Na manhã do último sábado (11), o vereador Edivan de Jesus Santos, conhecido como Morão, voltou a ser alvo de denúncias por agressões contra sua esposa. De acordo com informações que chegaram ao nosso departamento de jornalismo, durante uma discussão, o vereador teria mostrado uma arma para a companheira, gerando uma situação de tensão que exigiu a intervenção de pessoas próximas.

Testemunhas relataram que a situação escalou rapidamente, levando amigos a intervir para proteger a mulher. Diante da gravidade da situação, foi necessário acionar a polícia, que esteve no local para averiguar os fatos e prestar assistência.

Essa não é a primeira vez que Morão enfrenta acusações de violência doméstica.
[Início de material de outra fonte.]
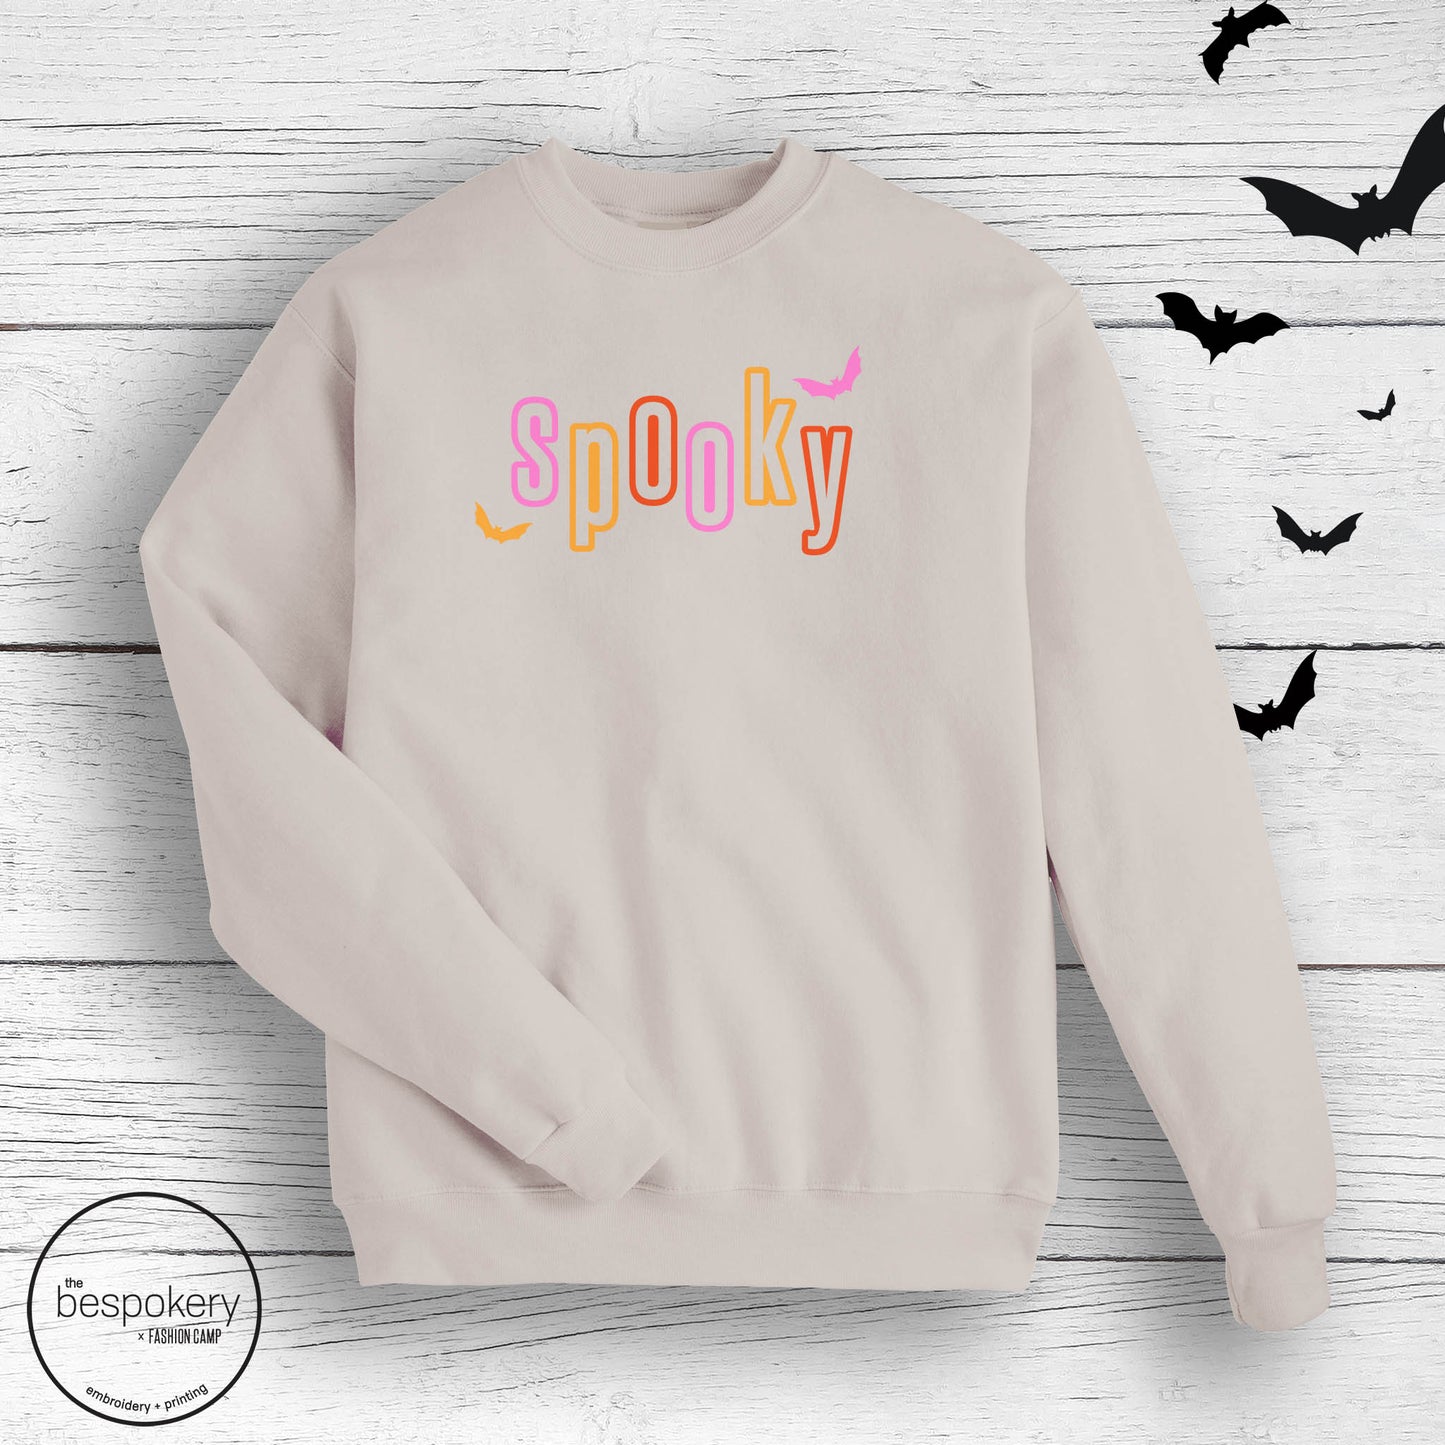 "Spooky" - Sand Sweatshirt (Adult only)

O caso levanta preocupações sobre a segurança da vítima e a necessidade de medidas efetivas para lidar com a violência de gênero. A comunidade e as autoridades locais estão atentas a essa situação, que reflete um problema social mais amplo.

Relembre outro caso

De acordo com a Polícia Civil, a tentativa de feminicídio aconteceu no dia 22 de fevereiro, na residência do casal, localizada no bairro Salgadeira, em Santo Antônio de Jesus. A companheira do vereador, uma mulher de 41 anos, relatou que foi agredida com golpes de faca e com um pedaço de madeira durante uma discussão motivada por ciúmes.

Ela foi socorrida e levada a uma unidade de saúde, onde recebeu atendimento médico. Após o episódio, solicitou uma medida protetiva e foi acompanhada por uma equipe policial para retirar seus pertences da residência do casal.
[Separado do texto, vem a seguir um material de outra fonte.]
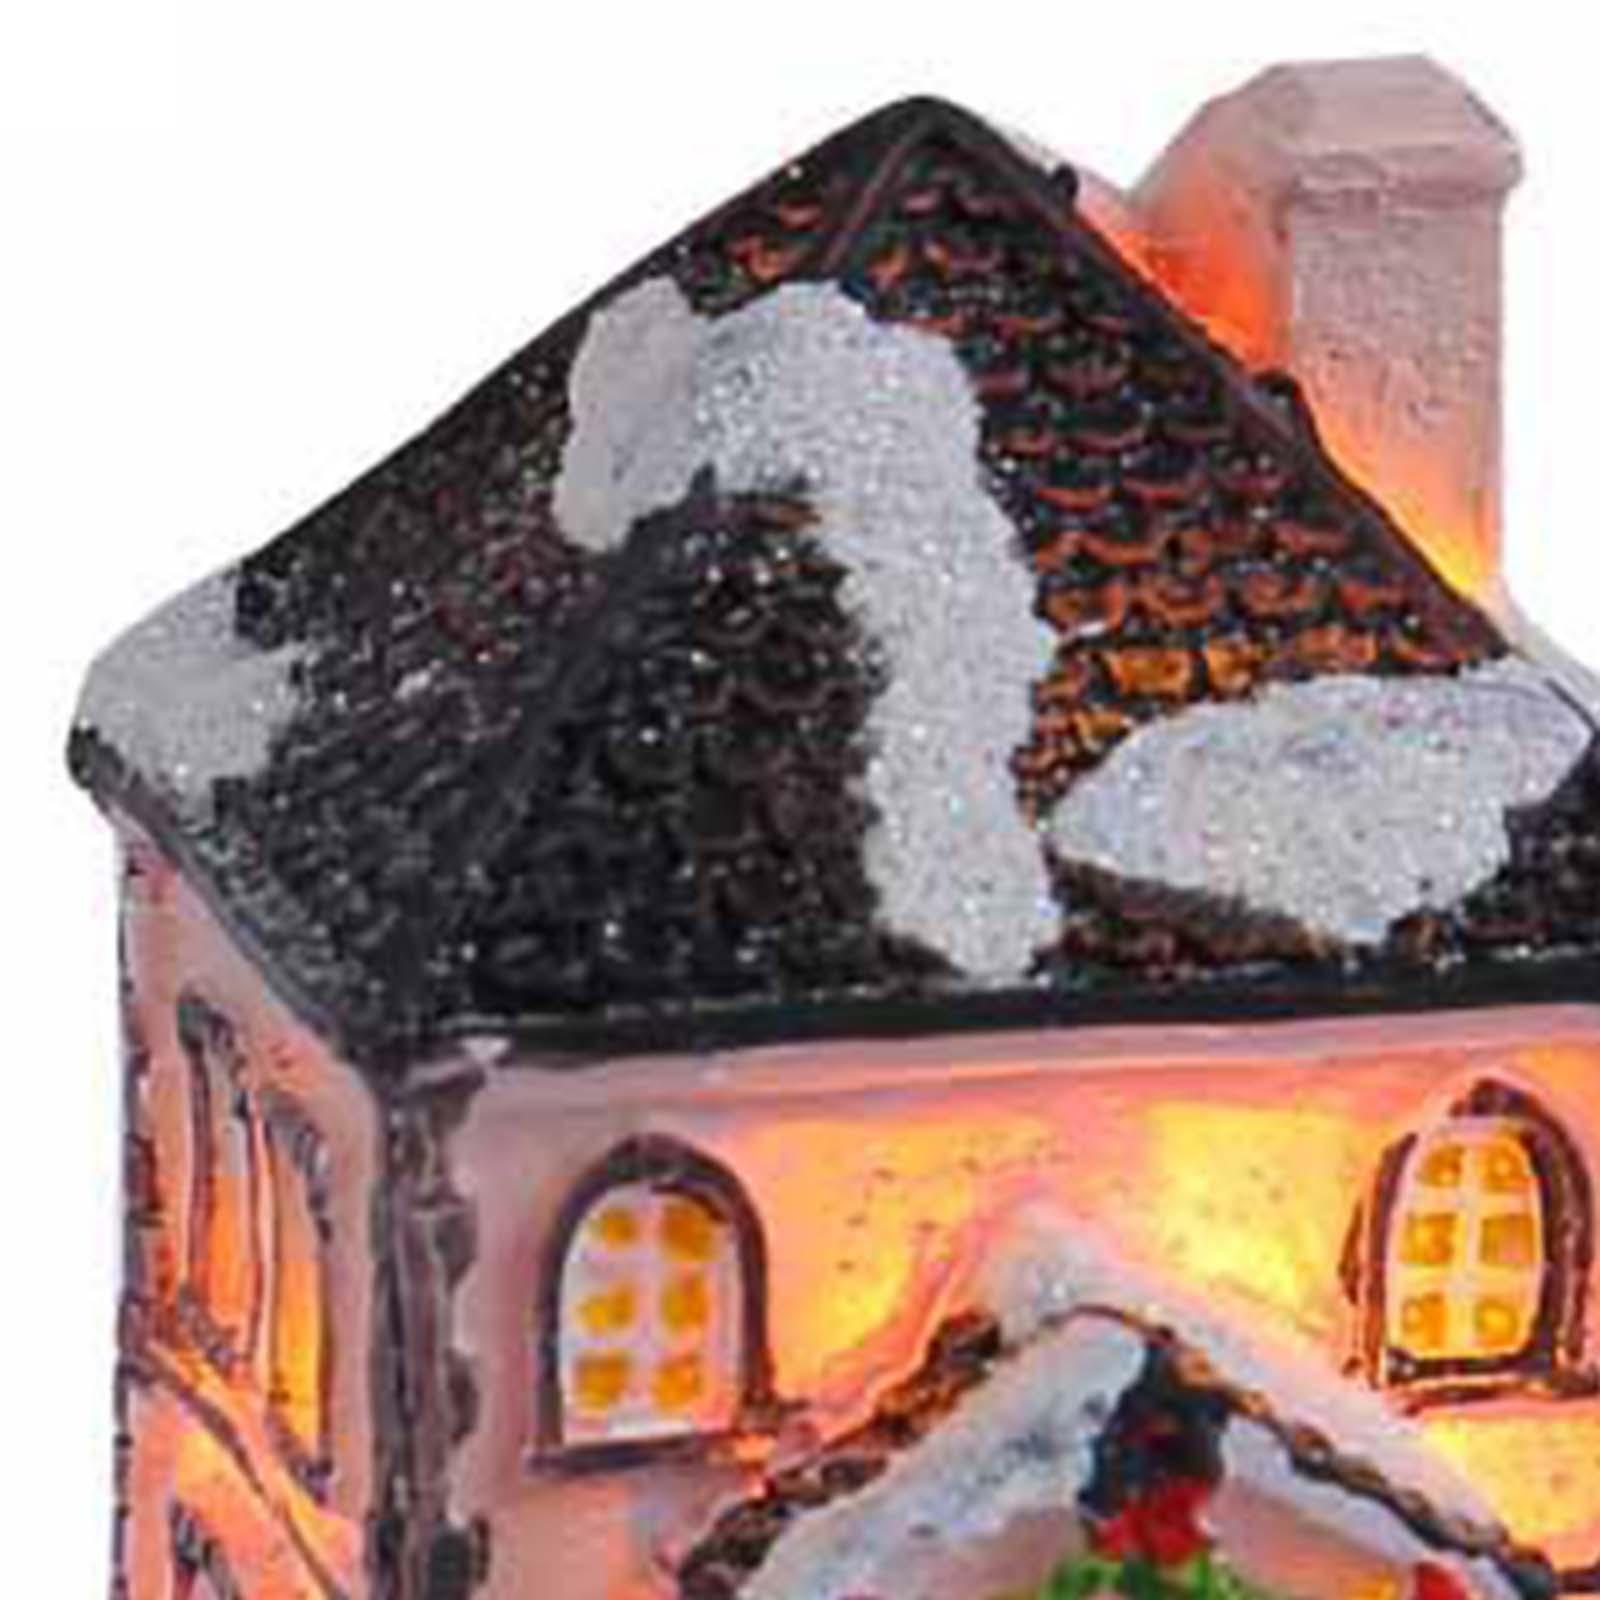 Christmas Scene Lighted House Village Miniature for Shop Window

Dois dias depois, em 24 de fevereiro, a Justiça decretou a prisão preventiva do político e a assessoria dele enviou à Câmara o pedido de afastamento por 120 dias, aprovado por unanimidade. Mas Morão passou cerca de 20 dias foragido até ser preso em 12 de março, em Boipeba, distrito de Cairu.
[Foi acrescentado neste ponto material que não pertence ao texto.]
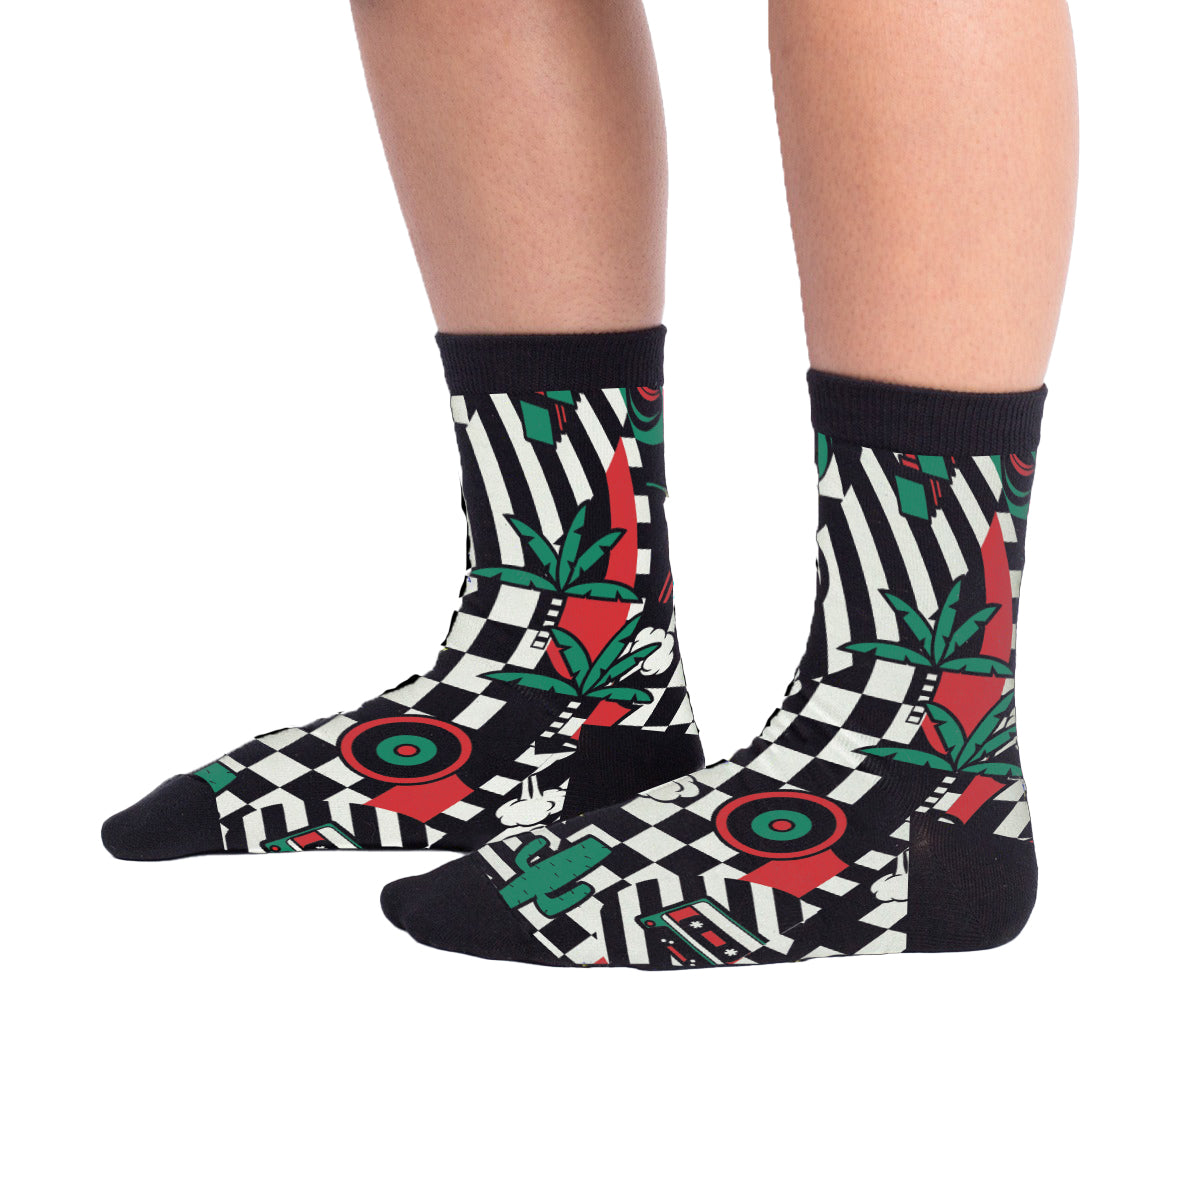 Kaf Unisex Socks - Multicolor -One Size

Após a captura, ele foi transferido para Santo Antônio de Jesus, onde passou por exame de corpo de delito e audiência de custódia. Em seguida, foi transferido para o Conjunto Penal da cidade de Valença.

Soltura de Morão

A soltura ocorreu em 29 de abril após audiência de instrução e julgamento realizados no Fórum Desembargador Wilde de Lima, também em Santo Antônio de Jesus. A sessão ocorreu por videoconferência e contou com os depoimentos do réu e da esposa, vítima no processo.

Durante a audiência, a defesa reiterou o pedido de revogação da prisão preventiva, alegando ausência de fundamentos legais para a manutenção. O juiz responsável acatou os argumentos apresentados e concedeu o alvará de soltura, permitindo que Morão responda ao processo em liberdade.